23.01.2025
Lecture 29.01.25: Anticommunism and Conspiracy Theories: Civic-Military Coup in Brazil
TRT Guest Lecture by PhD Student from the Universidade Federal de Minas Gerais at the University of Tübingen
We are pleased to announce a special guest lecture by Ana Carolina Zimmermann, a PhD student from the Universidade Federal de Minas Gerais (UFMG), Brazil, where she is supervised by Prof. Rodrigo Patto Sá Motta. She will put on the agenda the topic: “Anticommunism and Conspiracy Theories in the Anniversaries of the 1964 Civic-Military Coup in Brazil: the Past and the Present”. The presentation will take place on Wednesday, January 29th at 6 PM, in room 226 of the Brechtbau (Wilhelmstraße 50).
Ana Carolina is currently visiting the University of Tübingen, sponsored by the Brasilien- und Lateinamerika-Zentrum as part of the Tübingen Research Takeoff (TRT) program. The host institution within the University is the ERC-Project PACT (Populism, and Conspiracy Theories), under the supervision of Dr. Katerina Hatzikidi. This conference discusses relevant methodological debates on issues such as the history of the present tense, comparative history and the use of historical narratives around dictatorships in the Southern Cone of Latin America within contemporary political movements.
About the lecture: The aim of this presentation is to investigate the presence of anticommunist conspiracy theories during the anniversaries of the 1964 civic-military coup in Brazil, focusing on two distinct periods: the military dictatorship (1964-1985) and the presidency of Jair Messias Bolsonaro (2019-2022). The objective is to identify the political and commemorative uses of these conspiracy theories by both regimes, analyzing their historical conections and reflecting on the strategies authoritarian powers have used to legitimize themselves in the past and present. This analysis is grounded in theoretical discussions on the Cultural History of the Political, employing the concepts of political culture and imaginary. It examines how certain far-right political groups in Brazil, particularly those associated with authoritarianism, have invested in commemorating the coup.

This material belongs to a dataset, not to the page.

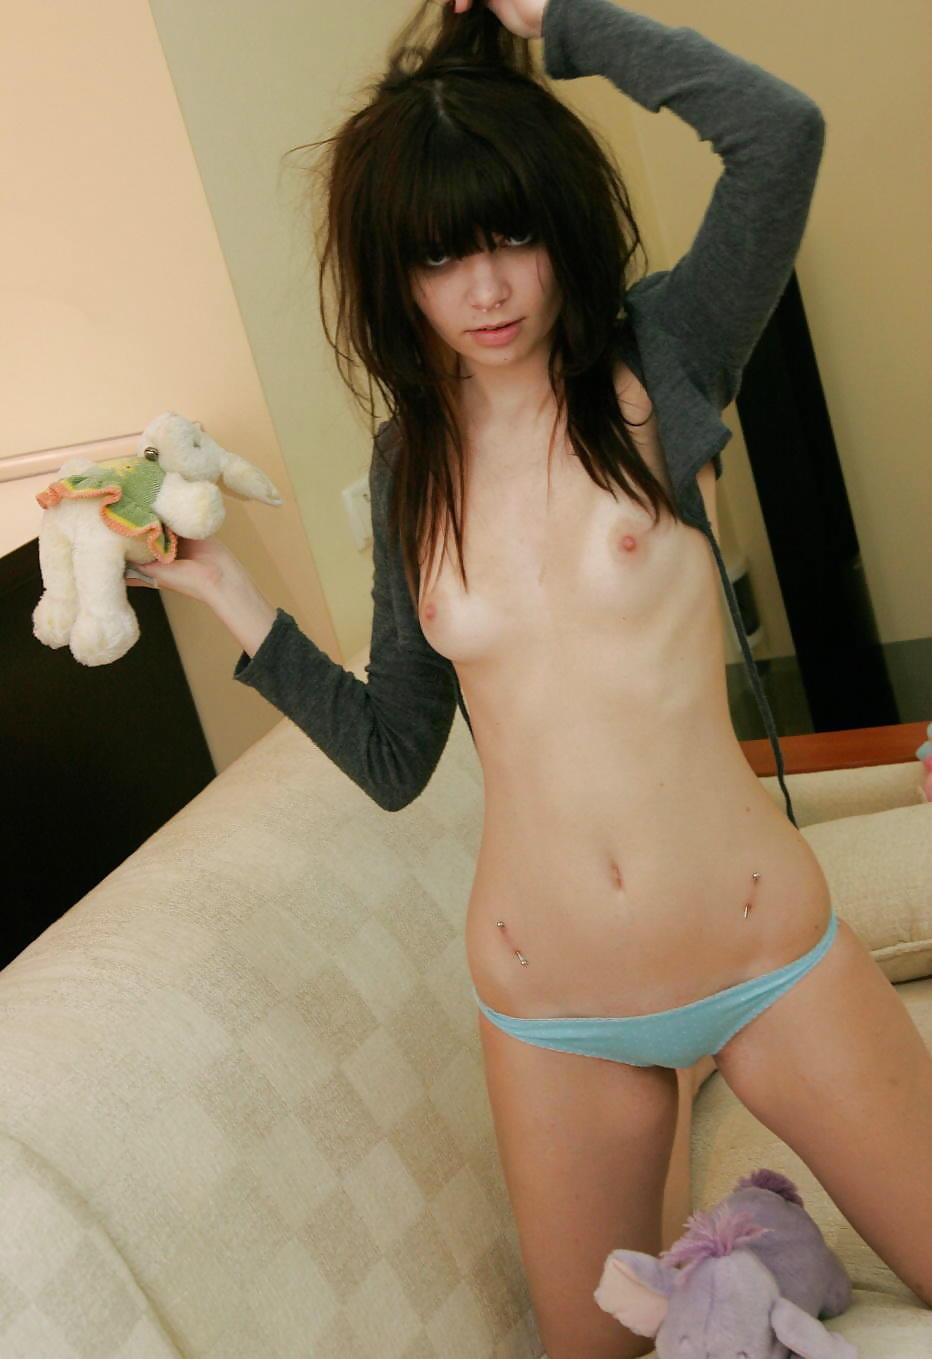 Cute Emo Girl Pic
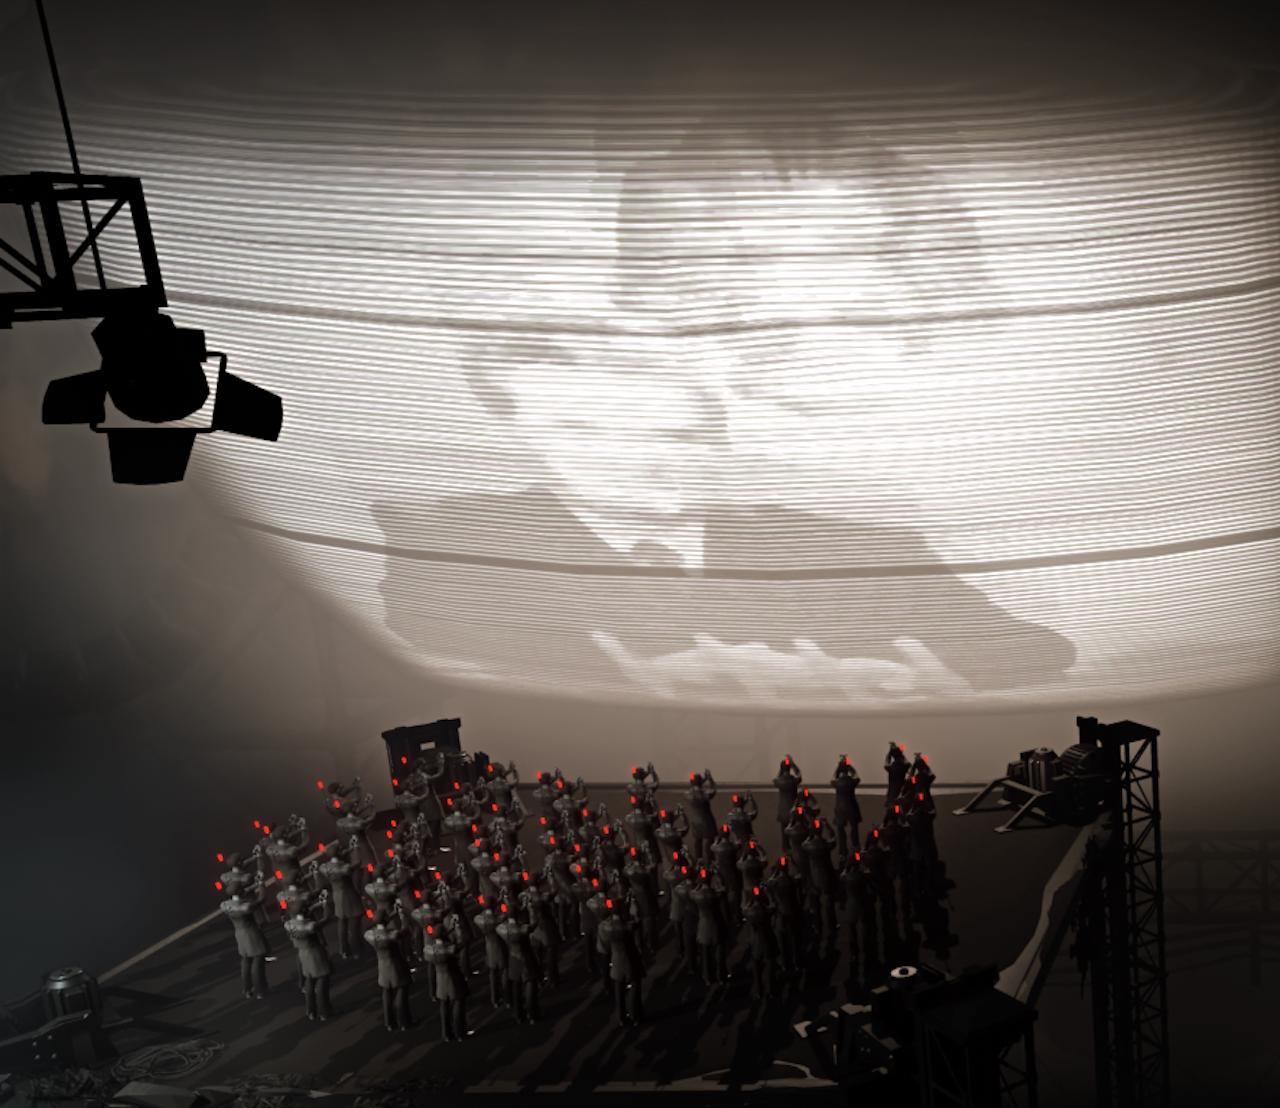 Screencap from Black the Fall.

The 31st of March, the anniversary of the civic-military coup, also denominated as the “Democratic Revolution of ‘64” by its supporters, has historically been a platform for promoting discourse and symbolic acts that glorify the military’s role and their permanence in power. These discursive, symbolic, and ritualistic practices helped create a political imaginary that framed the coup as a “Revolution” initiated by the military, a narrative that was repeatedly invoked during the dictatorship's anniversaries and later assimilated by the negationist discourse on the subject, which had found institutional support during the Bolsonaro presidency. This political imaginary, developed by the dictaroship and its supporters, and sustained by militaristic and authoritarian far-right movements after redemocratization, effectively incorporated anticommunist conspiracy theories from the 1960s. These theories, which emphasized a supposed “red conspiracy” and the infiltration of a “foreign enemy,” were used to legitimize both the coup and the dictatorship. They offered distorted explanations for the political and social conditions leading up to the 1964 coup, presenting it as a necessary “Revolution” that saved Brazil and its democracy from the dangers of subversion and communism, while overlooking the unconstitutional and violent nature of the takeover.